What kind of crimper do you use there Mr. Rider? Should you tin the ends before crimping?

 

Could you tell us where to find sealing heat shrink. I'm uber-anal about wiring and that really appeals to that part of my brain!

 

Morning Pappy35

 

Personally I use an old 'Packard Electric' hand  crimper (probably had that thing for 35 years or more). This covers most of the normal sized splice clips & terminal ends for auto & motorcycle circuit wire sizes. I do have a couple of other (very similar) crimpers & larger crimpers  that have more crimp sizes on the jaws (for smaller wire sizes &  electronics size wires and  for larger higher amp circuit wire sizes) 

 

The crimpers must be sized correctly for the terminal or splice clip used  so it folds  the terminal edges in correctly & tightly. 

 

As for the sealing heat shrink, I will have to look at my supply to see if there are any with names etched on the tubing (my heat shrink is old stock as I have been using the same lots for many/many years now so can't even remember where I got it from.  

 

I have a bunch of different types with some having actual glue lining the inside (works good but is kind of bulky looking after shrinking) & the conventional thin type that is not  real good sealing as it just shrinks down to a thin rubber like coating, then I have the  stuff shown in the picture  that is a thicker wall with the inside forming a weather proof  sealing as it heats & shrinks tightly (it actually oozes a little sealer out each end when heat shrinking) .

 

I do not tin the wire ends before using splice clip as that would make the wire ends thicker so the splice clip would not have proper tension after soldering & melting the tinning. It would also probably allow the solder to migrate farther into the wire runs (to prevent the spliced joint from breaking at the joint due to flexing the solder must not migrate out into the wire run). You want to ONLY solder the splice clip & inside it, NOT far out into the wire itself as that leaves a longer stiff section that doesn't flex properly.  

 

One thing of note here: on most automotive factory wire harnesses & even machine made experimental & one-off pre-production wire harness the terminals are NOT soldered (IF) the harness is machine made using a computer controlled crimping tension & crimp verification. If the splice slip or terminal end is machine crimped to EXACT specs then soldering is not needed.

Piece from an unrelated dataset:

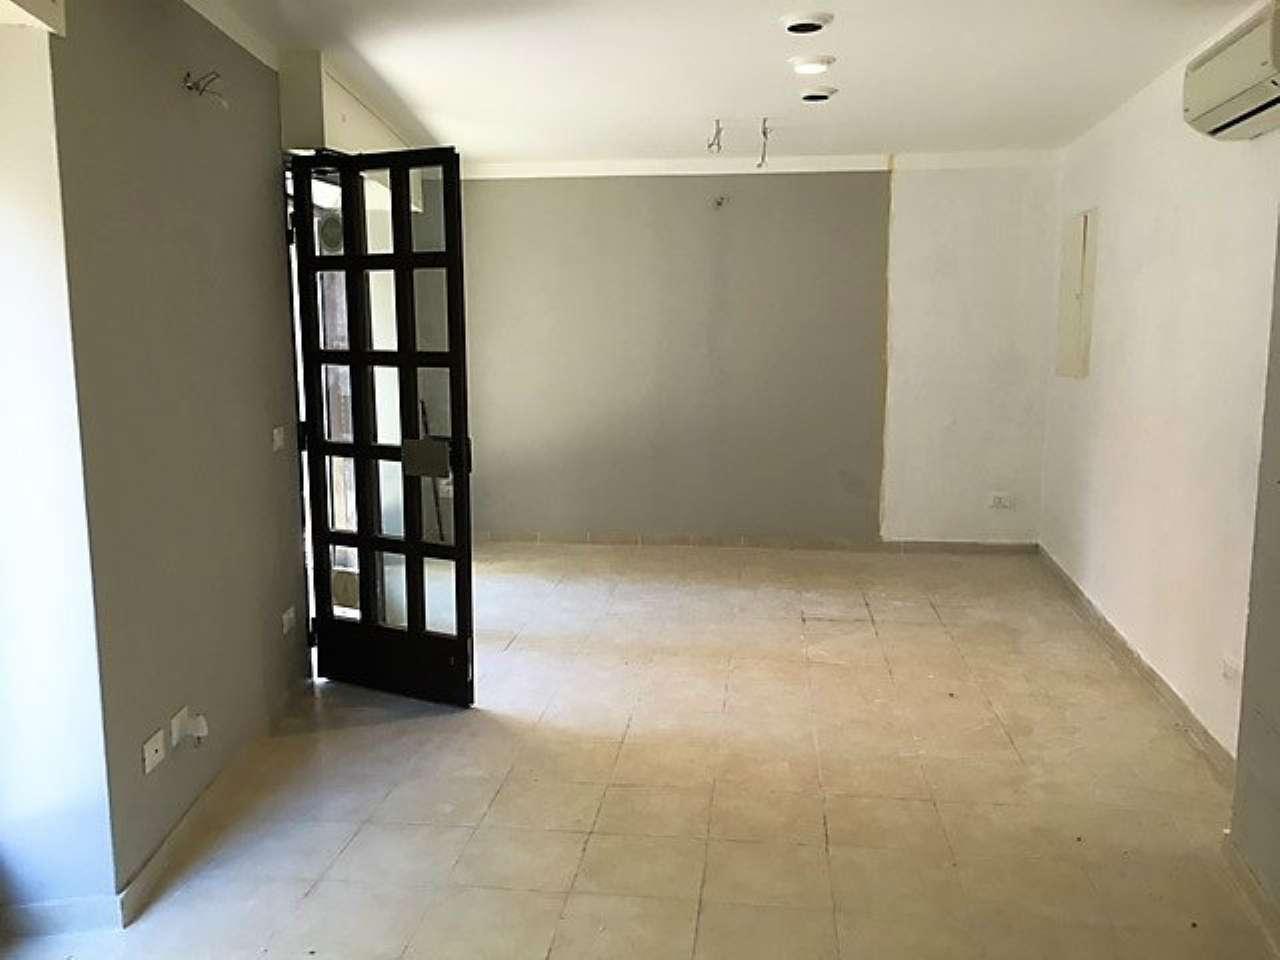 Negozio / Locale in affitto a Treviglio, 1 locali, prezzo € 600 | CambioCasa.it

If done with hand crimpers the crimp tension is not precisely controlled, monitored, & recorded  so those are usually soldered.

 

Exception sometimes being any circuit wire that runs (directly)  back to a fueling computer or electronic module from a wet-sensor like coolant sensor or oil pressure sensor as just one solder joint in the wire run prevents the possibility of fluid wicking back up the wire strands & into the electronic device therefore killing it .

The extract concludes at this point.